Consistency on the metadata level is ensured by your consistently using identical InfoObjects to define the data stores in the different layers.
DataStore objects permit complete granular (document level) and historic storage of the data. As for DataSources, the data is stored in flat database tables. A DataStore object consists of a key (for example, document number, item) and a data area. The data area can contain both key figures (for example, order quantity) and characteristics (for example, order status). In addition to aggregating the data, you can also overwrite the data contents, for example to map the status changes of the order. This is particularly important with document-related structures.
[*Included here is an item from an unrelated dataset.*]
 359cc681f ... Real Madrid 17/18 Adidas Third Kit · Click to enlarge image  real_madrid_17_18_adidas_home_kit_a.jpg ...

Modeling of a multidimensional store is implemented using InfoCubes. An InfoCube is a set of relational tables that are compiled according to an enhanced star schema. There is a (large) fact table (containing many rows) that contains the key figures of the InfoCube as well as multiple (smaller) surrounding dimension tables containing the characteristics of the InfoCube. The characteristics represent the keys for the key figures. Storage of the data in an InfoCube is additive. For queries on an InfoCube, the facts and key figures are automatically aggregated (summation, minimum or maximum) if necessary. The dimensions combine characteristics that logically belong together, such as a customer dimension consisting of the customer number, customer group and the steps of the customer hierarchy, or a product dimension consisting of the product number, product group and brand. The characteristics refer to the master data (texts or attributes of the characteristic). The facts are the key figures to be evaluated, such as revenue or sales volume. The fact table and the dimensions are linked with one another using abstract identifying numbers (dimension IDs). As a result, the key figures of the InfoCube relate to the characteristics of the dimension. This type of modeling is optimized for efficient data analysis. The following figure shows the structure of an InfoCube:
You can create logical views (MultiProviders, InfoSets) on the physical data stores in the form of InfoObjects, InfoCubes and DataStore objects, for example to provide data from different data stores for a common evaluation. The link is created across the common Info Objects of the data stores.
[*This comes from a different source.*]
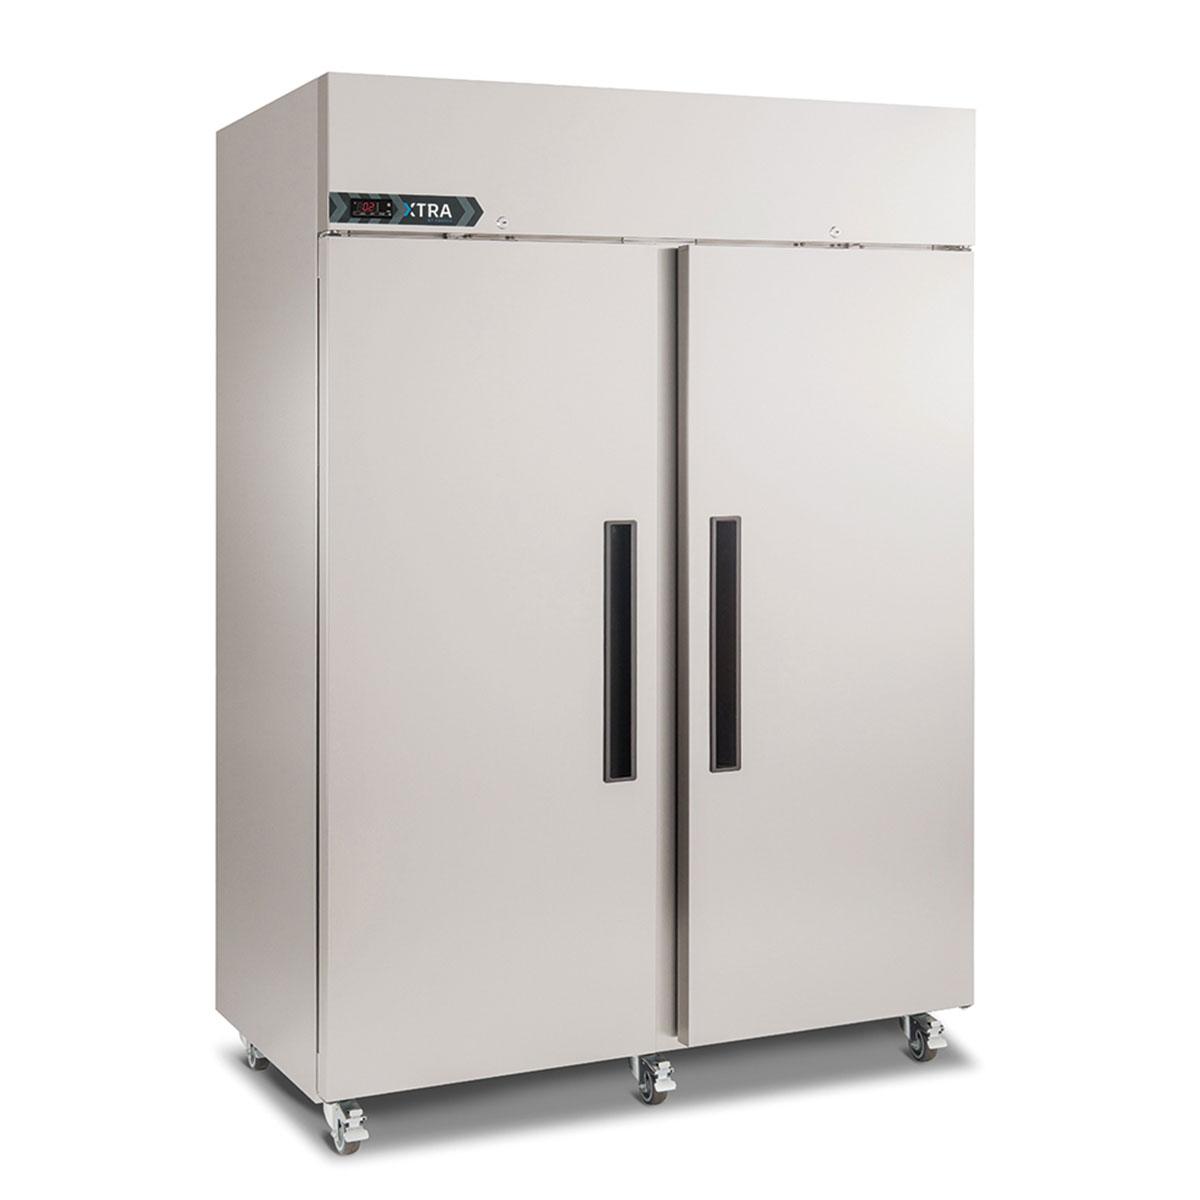 Foster xtra Double Door 1 - Refrigeration Equipment Suppliers in Cornwall

The generic term for the physical data stores and the logical views on them is InfoProvider. The task of an InfoProvider is to provide optimized tools for data analysis, reporting and planning.
The data flow in the Enterprise Data Warehouse describes how the data is guided through the layers until it is finally available in the form required for the application. Data extraction and distribution can be controlled in this way and the origin of the data can be fully recorded. Data is transferred from one data store to the next using load processes. You use the InfoPackage to load the source data into the entry layer of SAP NetWeaver BI, the persistent staging area. The data transfer process (DTP) is used to load data within BI from one physical data store into the next one using the described transformation rules. Fields/InfoObjects of the source store are assigned to InfoObjects of the target store at this time.
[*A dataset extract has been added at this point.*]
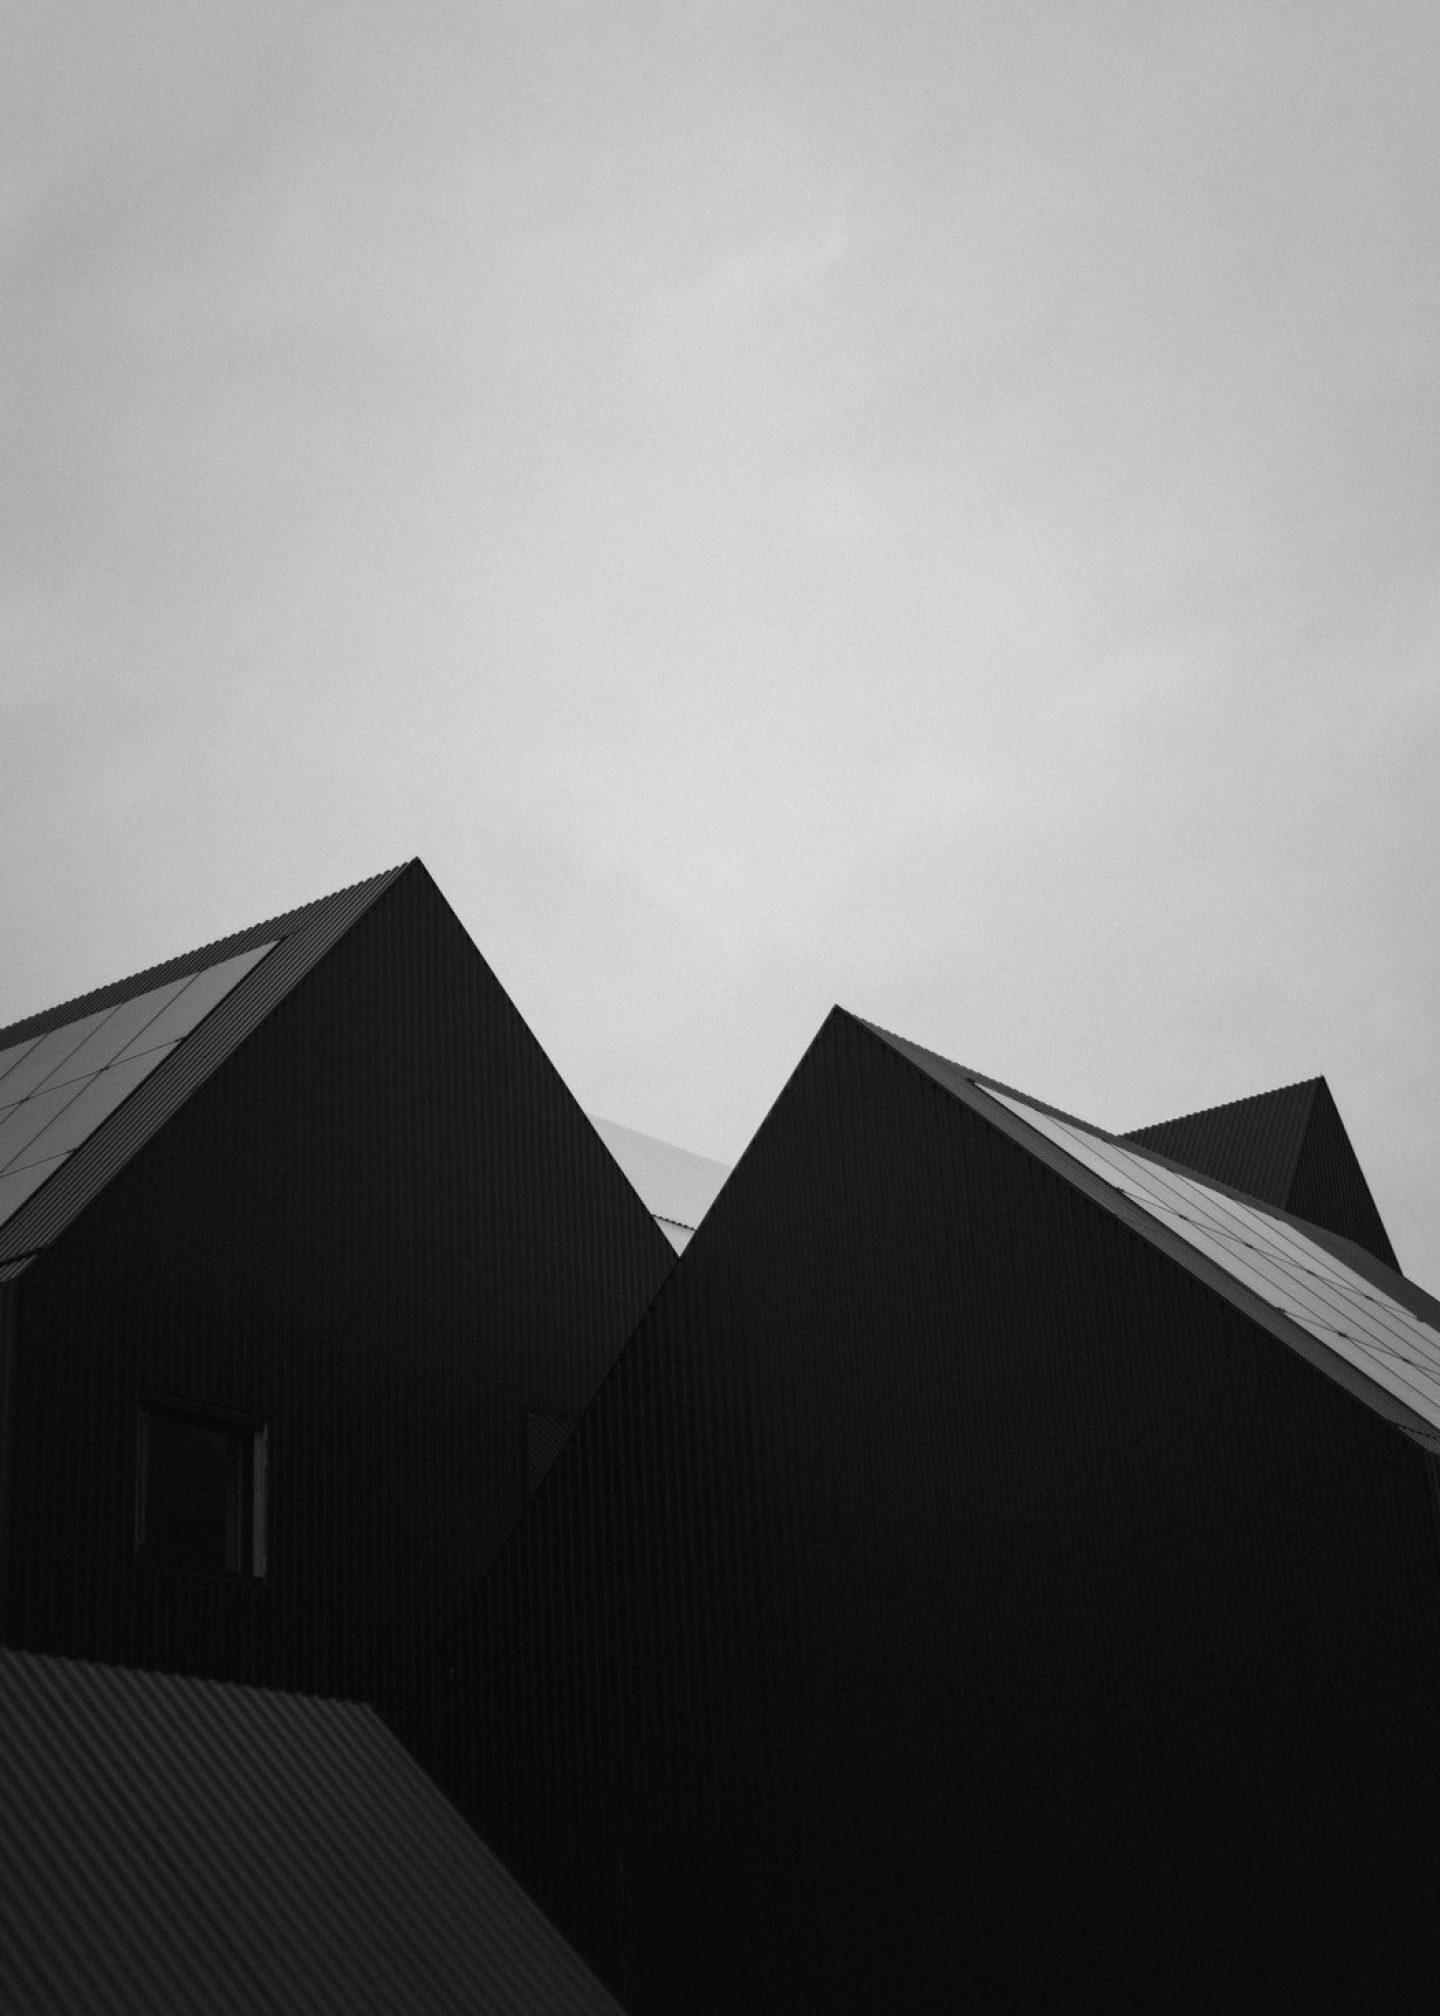 kim_holtermand_architecture-10-kopiowanie

You define a load process for a combination of source/target and define the staging method described in the previous section here. You can define various settings for the load process; some of them depend on the type of data and source as well as the data target. For example, you can define data selections in order to transfer relevant data only and to optimize the performance of the load process. Alternatively, you can define if the entire source dataset or only the new data since the last load should be loaded into the source. The latter means that data transfer processes automatically permit delta processing, individually for each data target. The processing form (delta or entire dataset) for InfoPackages, that is the loading into the SAP NetWeaver BI System, depends on the extraction program used.